ニャーンと猫が鳴いた。それは私の声だった。けれどもキョウコは応えてくれた。
「小川くん…」
ここで私が逃げ出せば、番組は成立しないだろう。野だなぞ、どうなっても知らない。私だって、どうなろうとも構わない。だが、キョウコを困らせる訳にはいかない。私は純愛だったのだ。そして今でも、純愛なのだ。
漱石は、座敷間で梅さんに按摩されながら寝入っている。対象的に、緊張した面子がそれを眺めていた。背筋を伸ばして正座した鏡子、青頭の額に浮いた汗を拭く書生、その腕にしっかと抱かれた子猫、すなわち私である。
たとえ黒猫といいはるにしても、仕事中の梅さんに話し掛けるわけにはいかないし、漱石が起きればすぐにばれる。理想は按摩の手が空き、なおかつ漱石がまだ眠っているという状況だが、福猫発言の瞬間には起きておいてもらわないといけない。そのタイミングが非常に難しい。私たちはじりじりしながら機を窺った。
「うん? どなたか猫を連れておいでか」
どきりとした。唐突に按摩が手をとめてそう呟き、もこりと漱石が起き上がった。いきなり万事休すである。
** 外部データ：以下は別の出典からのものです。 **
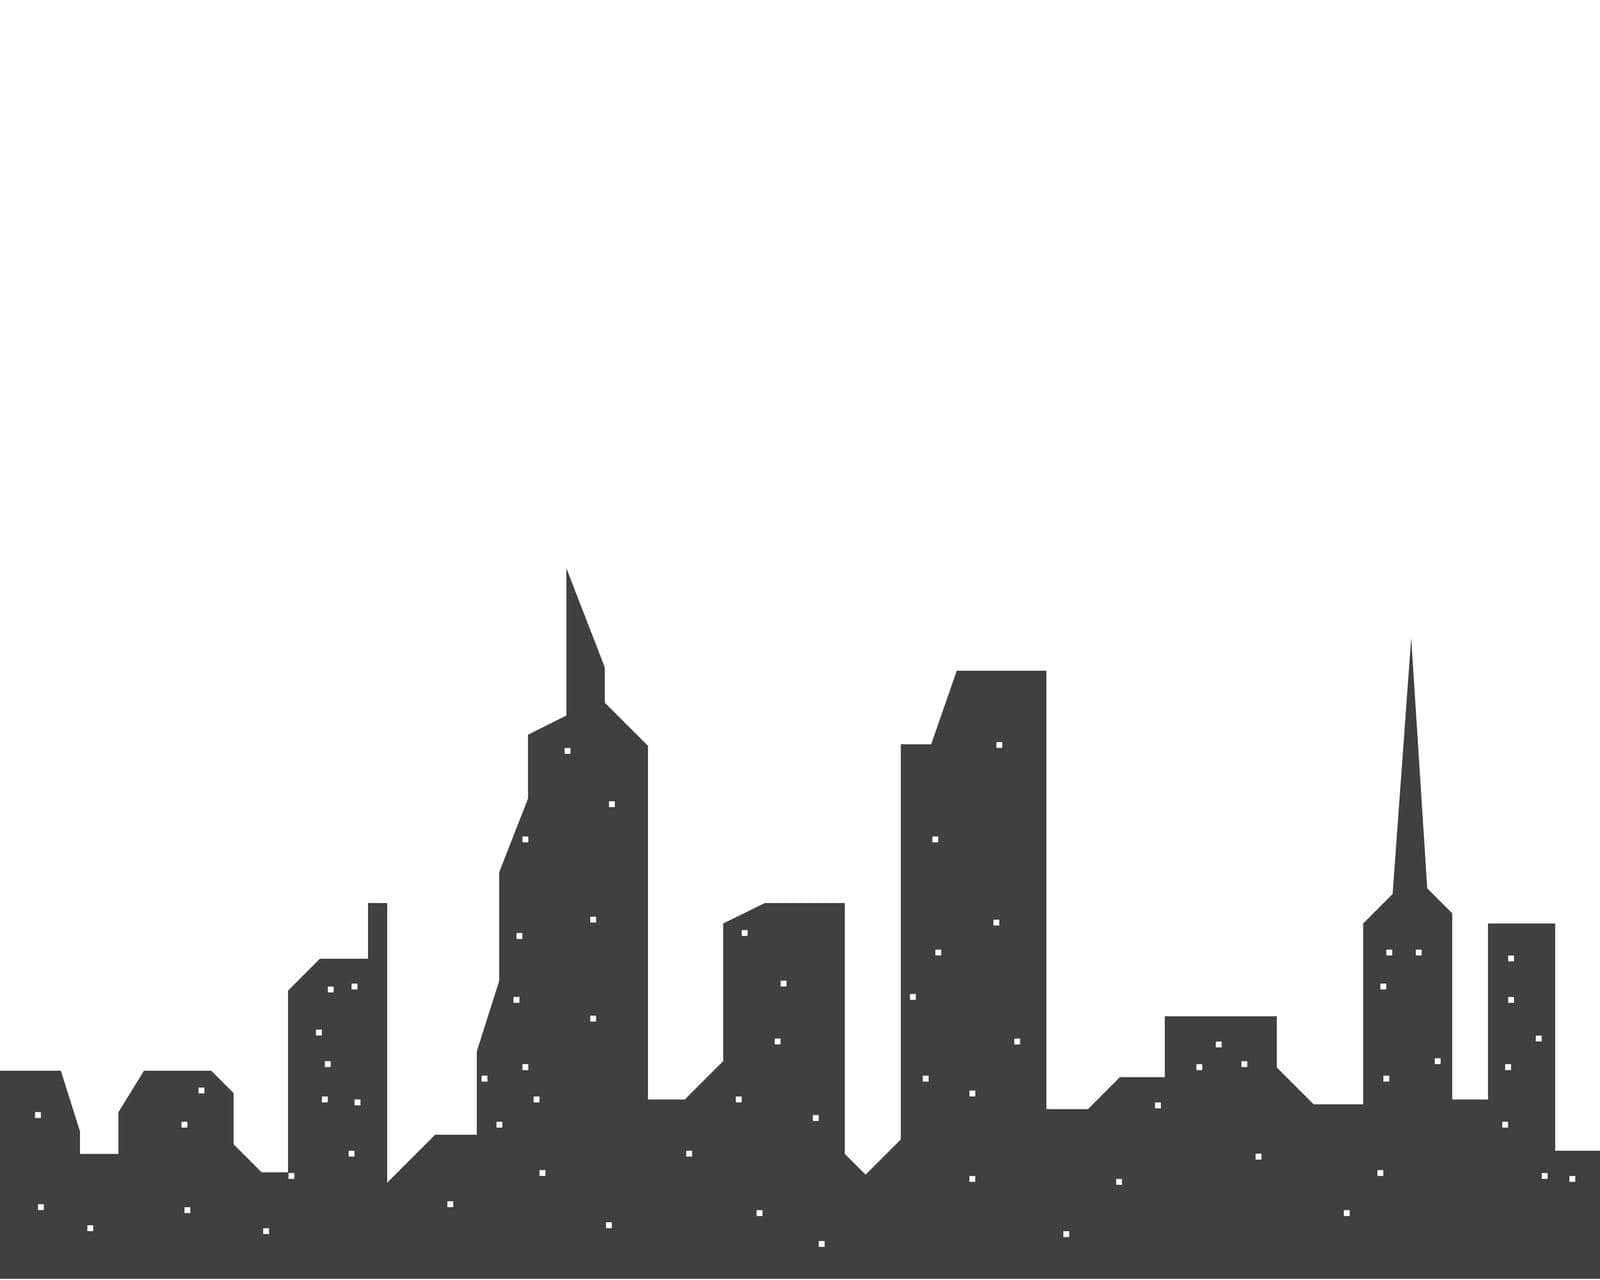 modern city skyline vector landscape illustration
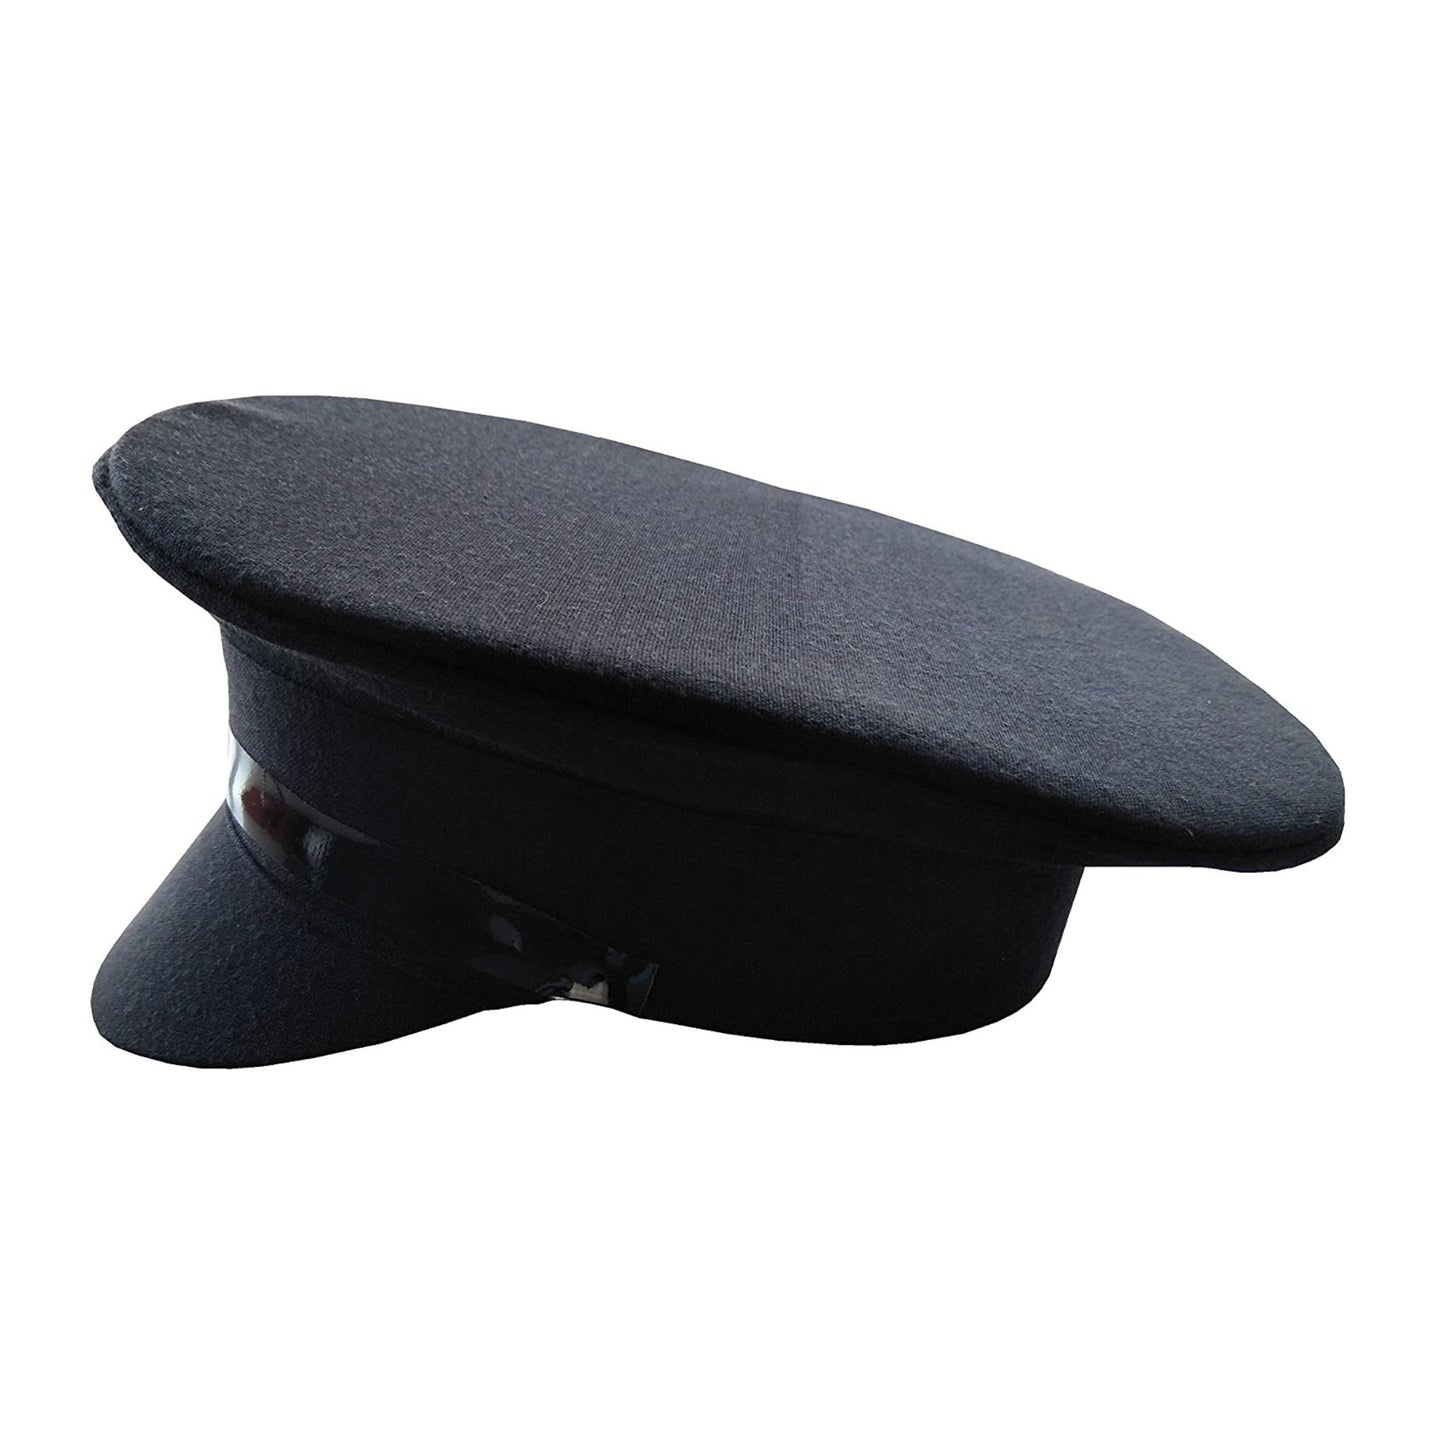 Security Guard Peak Cap (Black, Free Size)

「他の感覚が鋭くってね。日なたみたいな子猫の匂いがしますわい」
ほんとうだ何処で見つけてきたのかね、と漱石が首を揉みつつ野だに聞く。ええまあ玄関に迎えにあがったさいに、としどろもどろになって答えている。梅さんが続ける。
「わしは大の猫好きでね。家にもあふれんばかりに飼っておりますわい。これでも一匹一匹の区別がつくんですぜ」
また、どきりとした。そんなものかね、と漱石が相槌をうつ。
「声と匂いと、手触りですかな。どれ一つ」
といって手を差し出す。野田くん、と促す漱石。私はぐいと明け渡された。梅さんに背を撫でさすられる。
「ときに、毛色は?」
やばい。漱石が口を開きかけた。
「黒でさあ」
機先を制した野だが、そう大きな声で言った。
「ええ確かに黒猫ですわ」
間髪いれずにキョウコも言った。私も努めて黒猫っぽい声で鳴いた。漱石はいぶかしげな顔だ。なんだか裸の王様じみてくる。だが私は王様ではない。我輩は黒猫である。